THE TASK: Copy every record exactly, and keep the pictures out.
Top of DATA UNDER STUDY
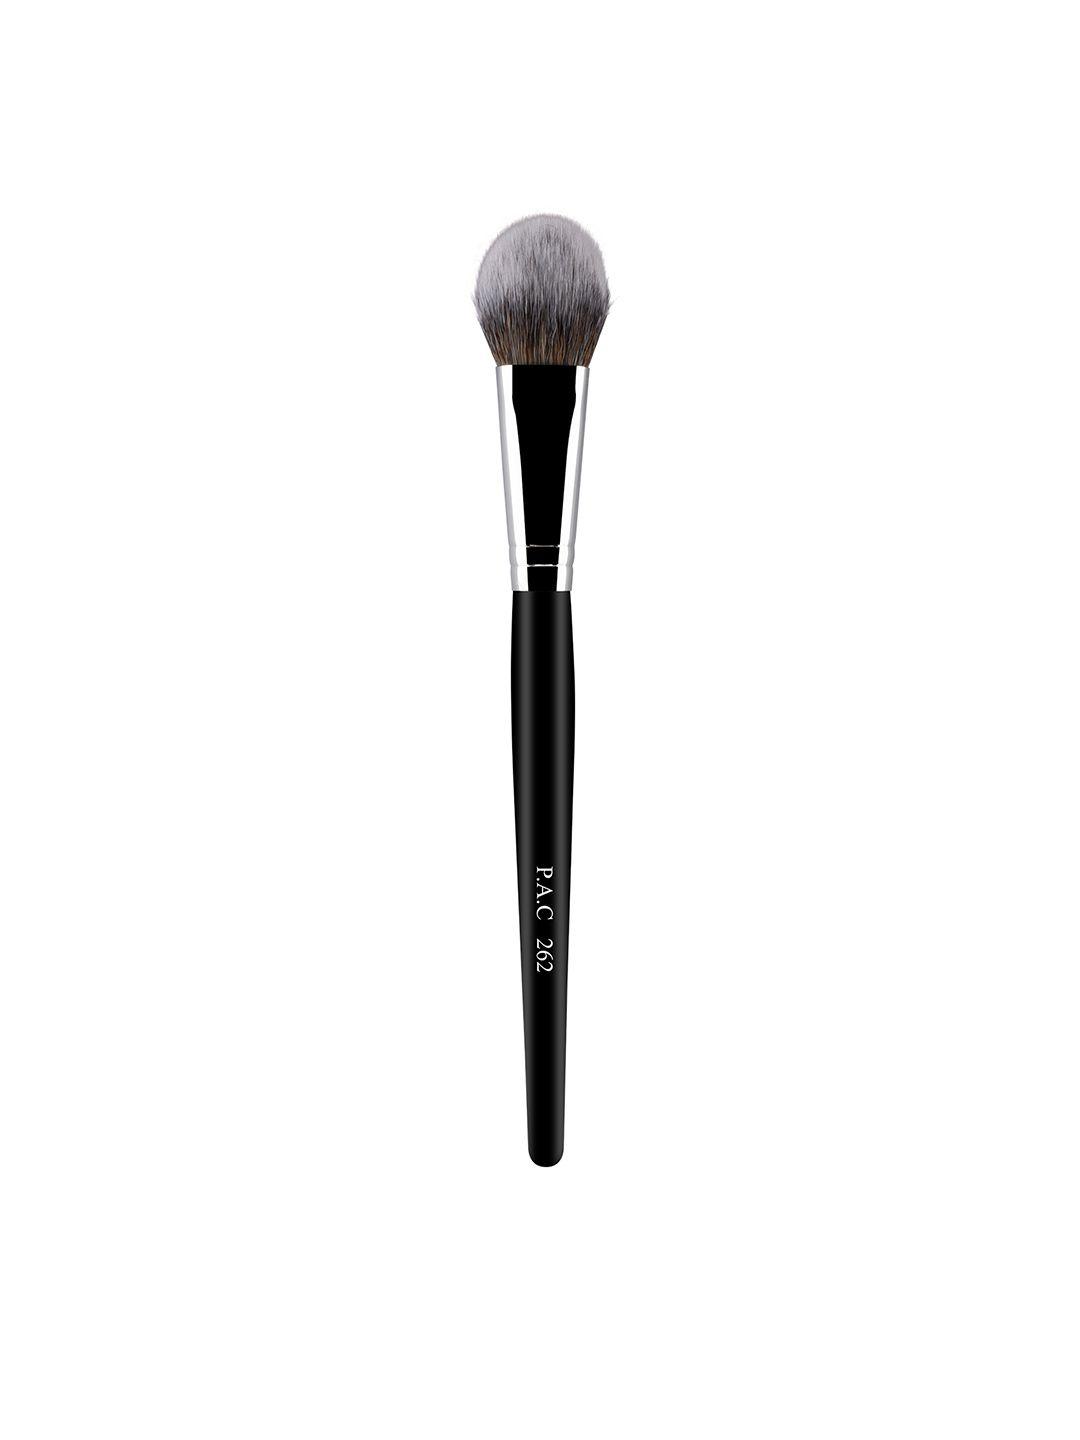 pac blush brush makeup brush - 262
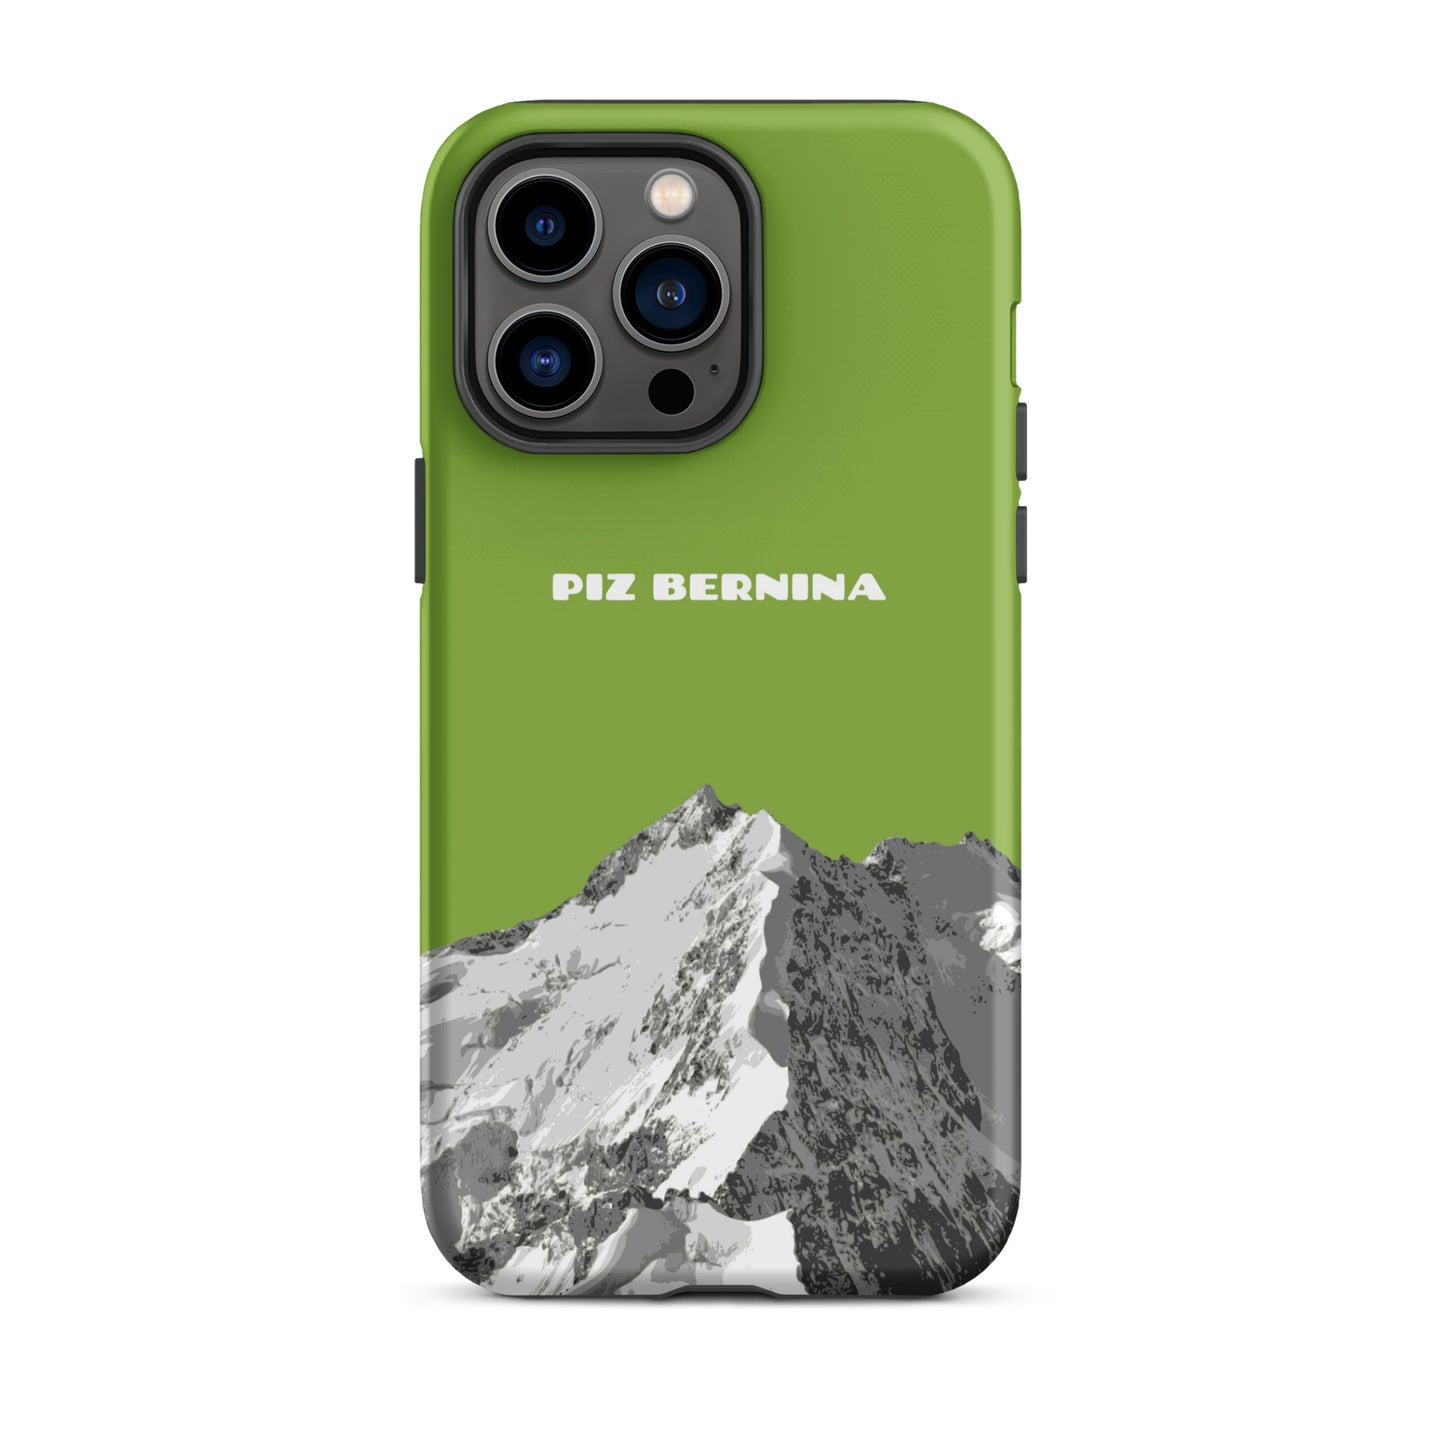 Hülle für das iPhone 14 Pro Max von Apple in der Farbe Gelbgrün, dass den Piz Bernina in Graubünden zeigt.
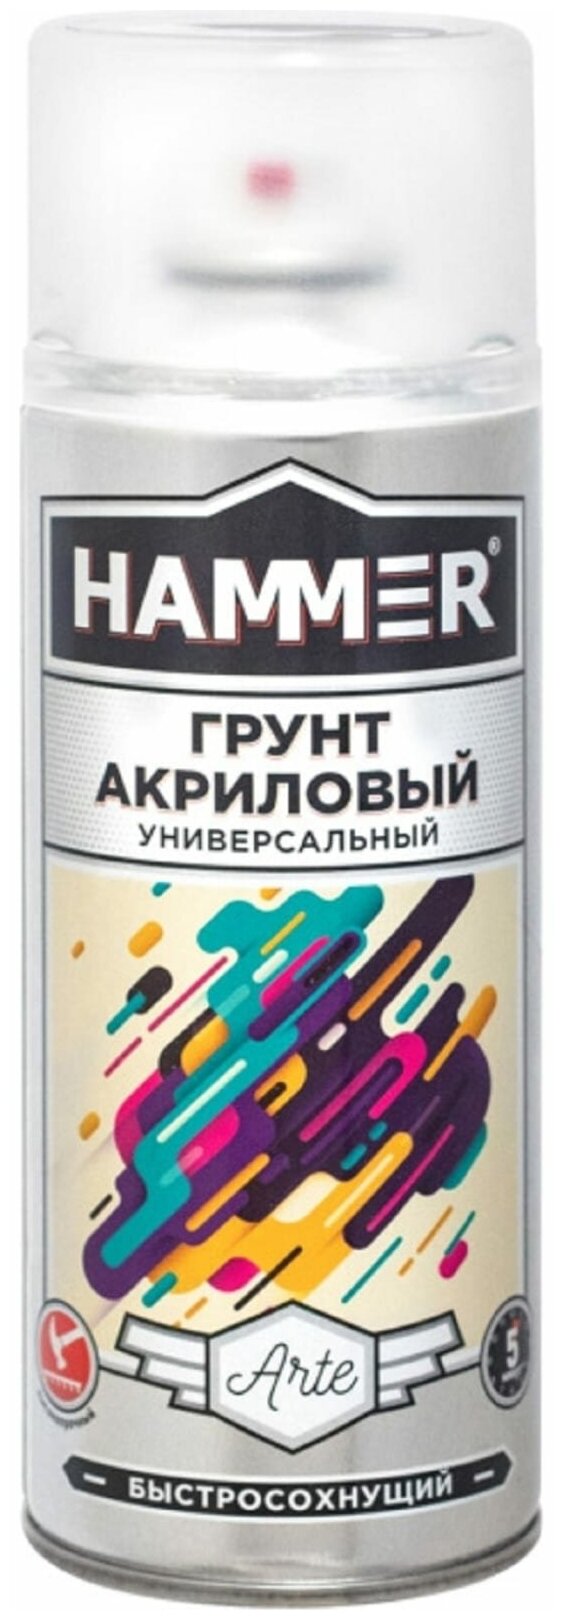 Грунт акриловый HAMMER черный 0,52 л
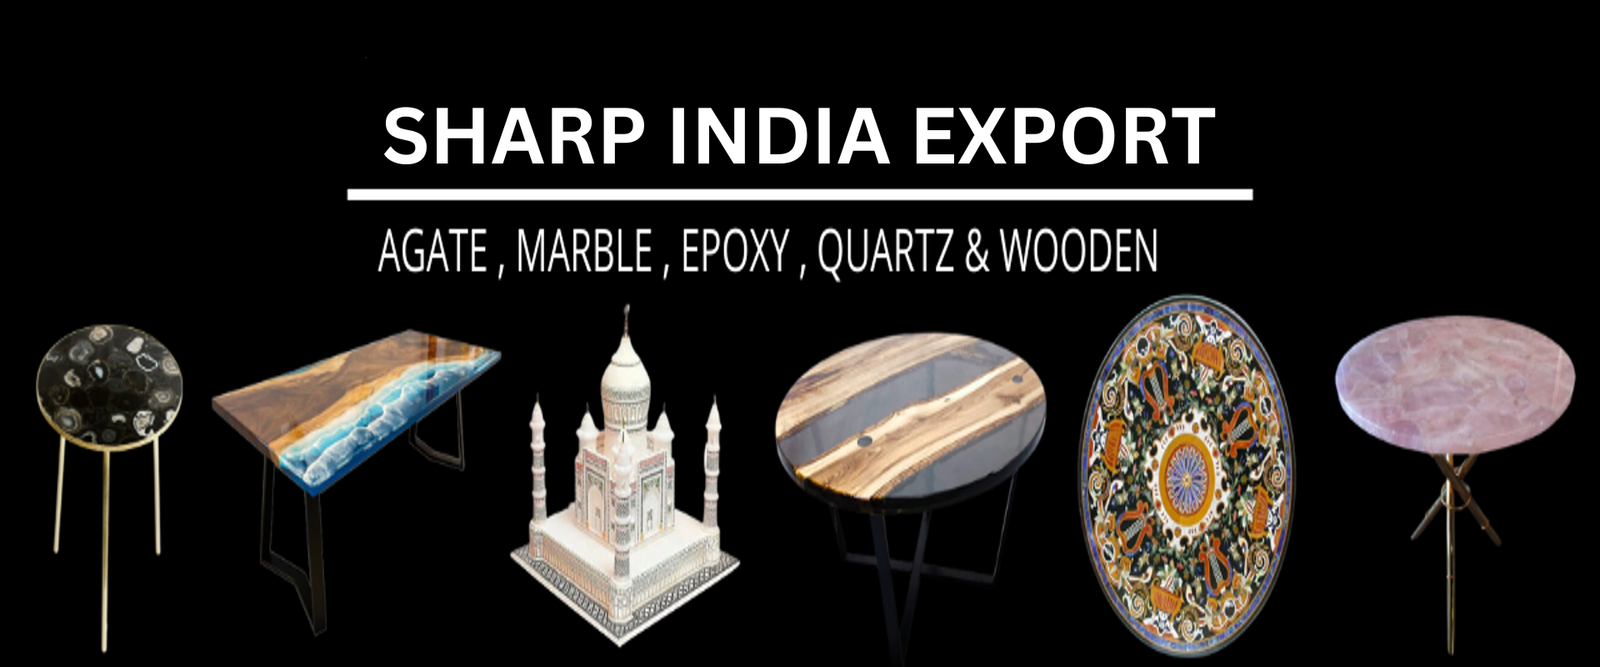 SHARP INDIA EXPORT (2)
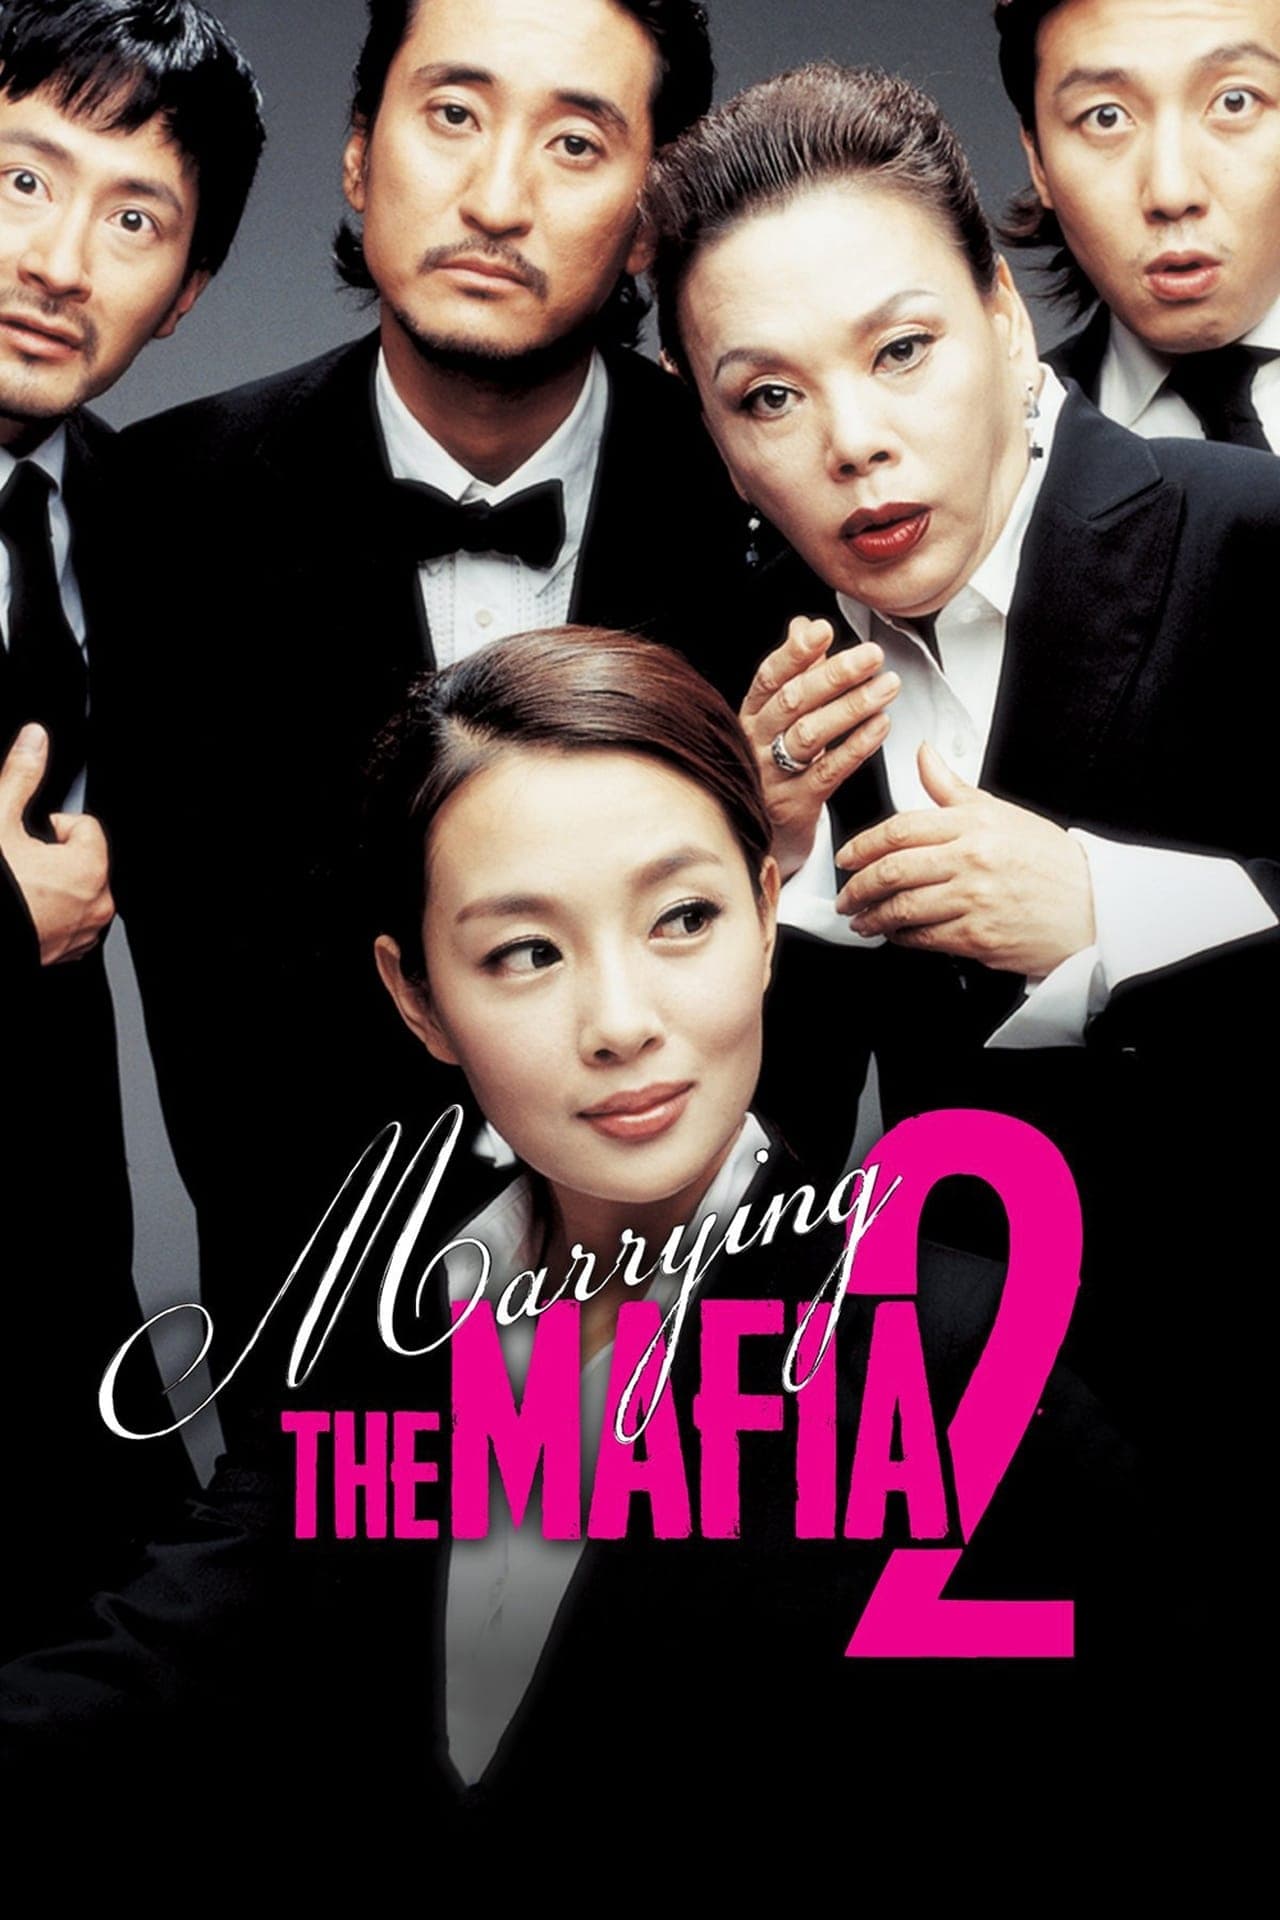 Marrying the Mafia 2: Enemy-in-Law
Bottom of DATA UNDER STUDY
REPLY:
 pac blush brush makeup brush - 262
 Hülle für das iPhone 14 Pro Max von Apple in der Farbe Gelbgrün, dass den Piz Bernina in Graubünden zeigt.
 Грунт акриловый HAMMER черный 0,52 л
 SHARP INDIA EXPORT (2)
 Marrying the Mafia 2: Enemy-in-Law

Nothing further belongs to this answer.